Flynn’s mismanagement caused litigants and attorneys to face significant delays in the final disposition of their cases, according to an Aug. 5 report by the Commission on Retirement, Removal, and Discipline.

“By failing to complete and timely follow the reports, Judge Flynn demonstrated either at best a negligent disobedience to mandatory directives, or at worst, an avoidance of divulging the cases pending for unacceptable periods of time,” wrote the Commission’s chair Judge Robert Clayton and James Smith, Commission administrator and counsel.

While Flynn acknowledged the delays, he also blamed them on assignments outside the circuit, COVID-19, his regular workload, and the time required to address disorganization and discord within Lincoln County Circuit Clerk's office, but the commission still found the conduct to be in violation of Supreme Court rules.

Flynn has been embroiled in a long-standing dispute with Karla Allsberry, Lincoln County’s outgoing Clerk of the Circuit Court, in which Allsberry sued Flynn alleging he overstepped his authority by placing her on indefinite administrative leave and banning her from performing circuit clerk duties.
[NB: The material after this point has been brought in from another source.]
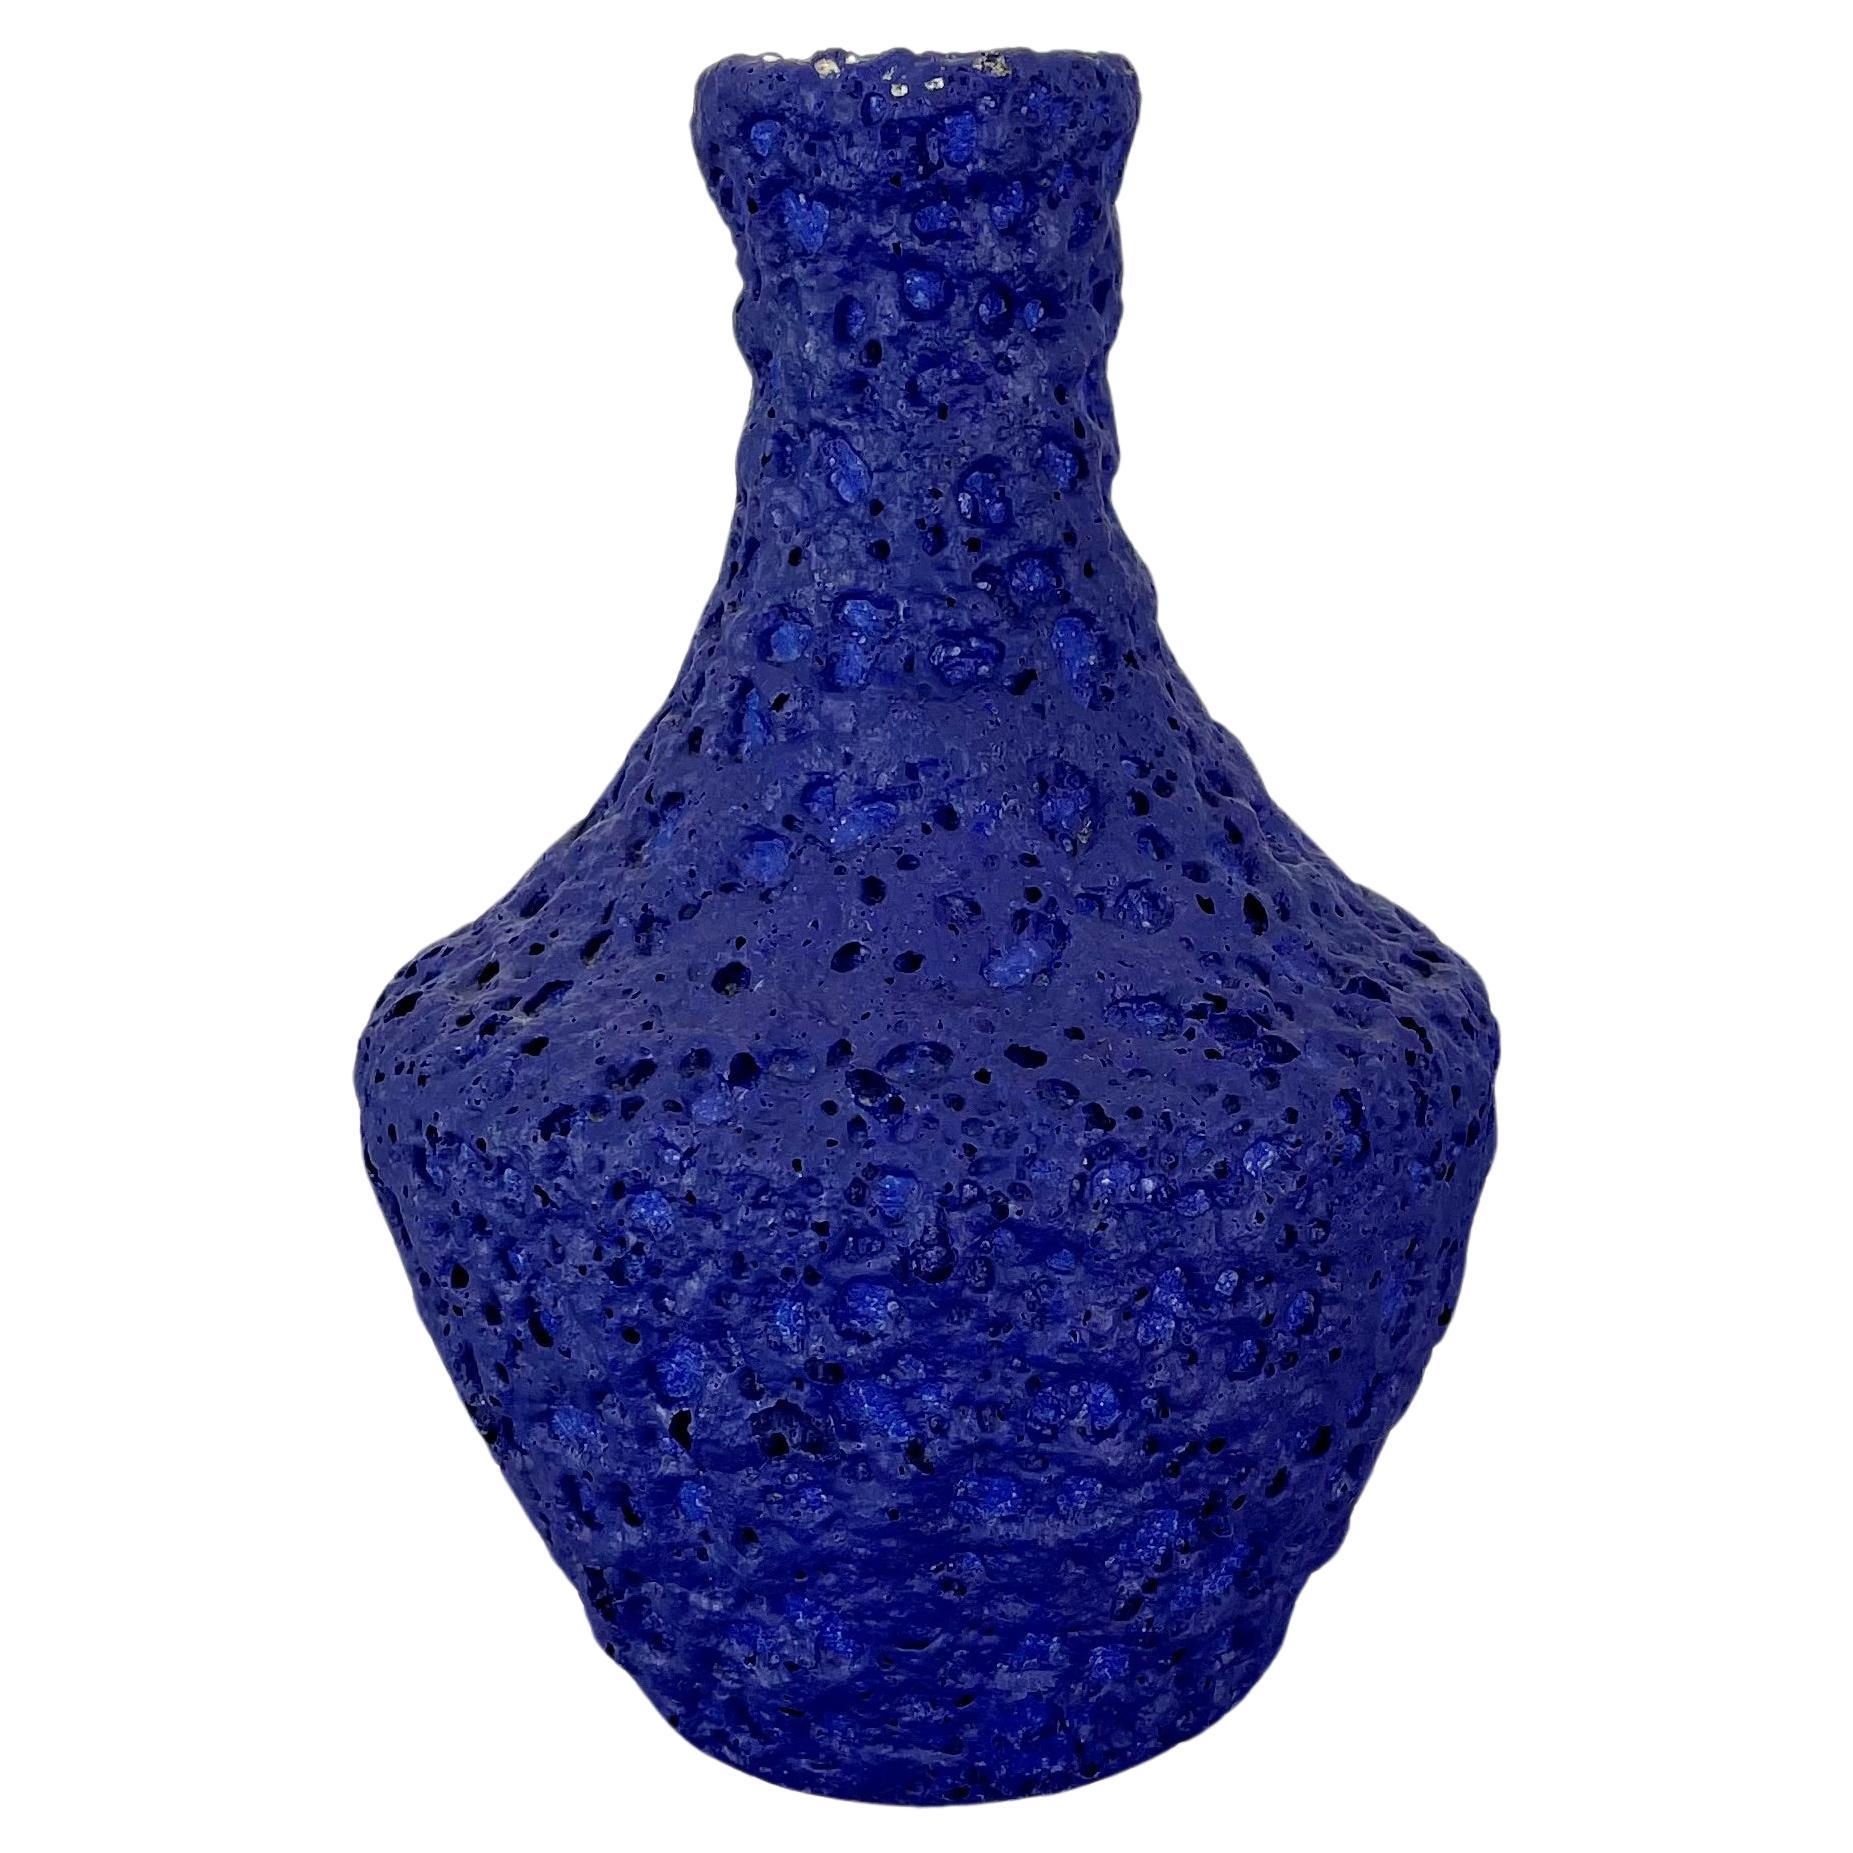 Blaue brutalistische Vase aus farbenfroher Keramik von Silberdistel, W. Germany, 1950er Jahre

As previously reported in the St. Louis Record, Allsberry’s husband, Gregory Allsberry, a Republican, defeated Flynn, a Democrat, in the 2014 general elections in which both were gunning for associate judgeship.

“It's exceedingly rare for a judge to be reprimanded,” Mass told the St. Louis Record. “In almost every complaint against a judge, as I understand it, there's no overt action taken.”

By itself, the Missouri Supreme Court’s reprimand is not enough for the litigants of previous cases that Flynn adjudicated to challenge their outcome unless within the timeframe of an appeal, however, Mass said that for the Supreme Court to overtly discipline a judge is significant.

“Litigants have to take that into account,” he said. “It makes you wonder if your client will get a fair shake and it makes you very hesitant to have any case heard by that judge.”